Aussi bien l’Etat que les Syndicalistes et leurs mandants doivent toujours tenir compte de leur Responsabilité sociétale, pour toujours créer un espace de dialogue, de concertation permanente autour des questions de l’Ecole et dans ce cadre la Revendication sur la Gestion démocratique qui figure dans toutes les plateformes et qui était un acquis dont la Commission nationale a toujours constitué un instrument technique de pilotage du Système. Elle ne devrait souffrir d’aucune tergiversation du Ministère pour être restaurée.. Beaucoup d’outils avec lesquels le système fonctionne ont été élaborés au sein de cette Commission.
Le Gouvernement doit garder le cap de la mise en œuvre de tous ces Accords qu’il a hérités des régimes précédents tout en ne succombant pas à la pression , au risque de déconstruire les équilibres macro-économiques ou d’hypothéquer certains projets vitaux. A l’avenir le Gouvernement doit éviter de donner des prétextes faciles à la grogne syndicale pour des questions d’intendance comme les indemnités de participation aux examens ou des retenues injustifiées sur les Revenus qui portent préjudice aux acteurs. Pour les perturbations entamées cette année à part ces deux incidents malheureux et regrettables et l’alerte pour le Recrutement d’Enseignants en nombre suffisant, en tant qu’observateur avisé sur les questions syndicales et de l’Ecole, ma part de vérité est que, rien dans les Relations entre le Pouvoir actuel et les Syndicats d’enseignants, ne peut justifier un bras de fer dont pourrait souffrir des innocents. IL faut arrêter cette grève, aller à la table de négociations avec des propositions de solutions pertinentes et réalistes aux questions non encore résolues et ne jamais cracher sur un acquis, mais plutôt voir les voies et moyens de l’améliorer.
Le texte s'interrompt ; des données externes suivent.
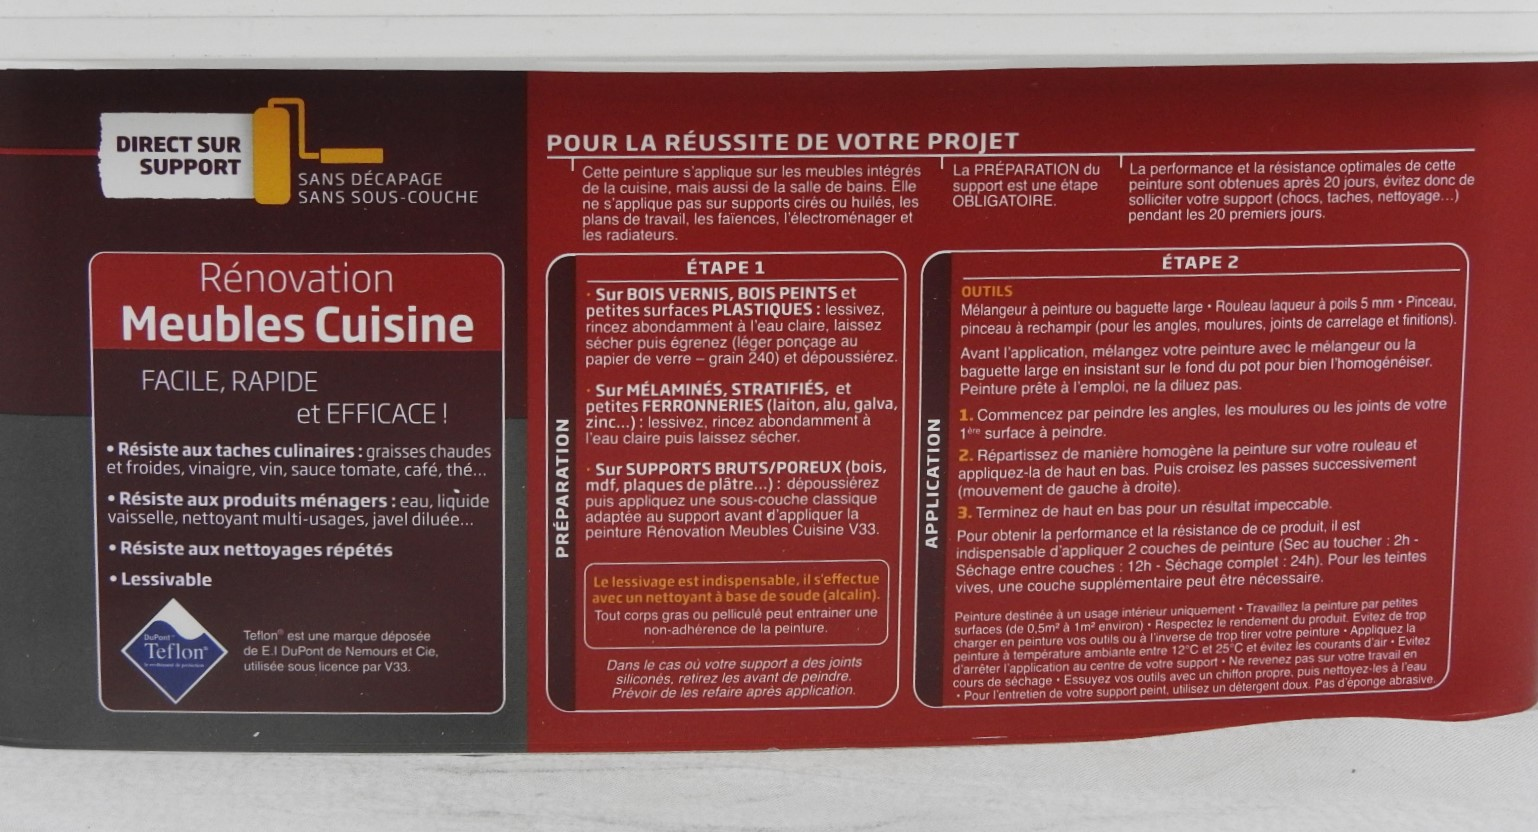 peinture-satinee-renovation-meubles-cuisine-v33-2l-2

J’ose seulement espérer que ni un contexte politique si sensible soit-il ou des schémas stratégiques de survie, de baroud d’honneur pour les uns et de confirmation de leadership pour les autres, au sortir des Elections de Représentativité, ne puissent être une motivation profonde de toute cette fébrilité de responsables syndicaux et du bouillonnement indescriptible de l’espace syndical, ce serait périlleux l’action syndicale et par ricochet sur notre Démocratie. Ne franchissons pas le Rubicon
Les Syndicats doivent intégrer dans leur analyse le contexte régional et Mondial, revenir à la Raison pour arrimer les prétentions aux possibilités du ¨Pays, et en éviter de tomber dans le populisme et l’extrémisme syndical.
Waly Ndiaye
Syndicaliste, ancien SGA SUDES, Ancien Coordinateur des Revendications, Sudes, CSA, Ancien Coordonnateur commissions techniques Cadre unitaire des Syndicats d’Enseignants (CUSE), Ancien Conseiller Ministère Fonction Publique, Travail, Dialogue Social, Organisations professionnelles et Relations avec les Institutions, Témoin des tous les Accords signés depuis 1989.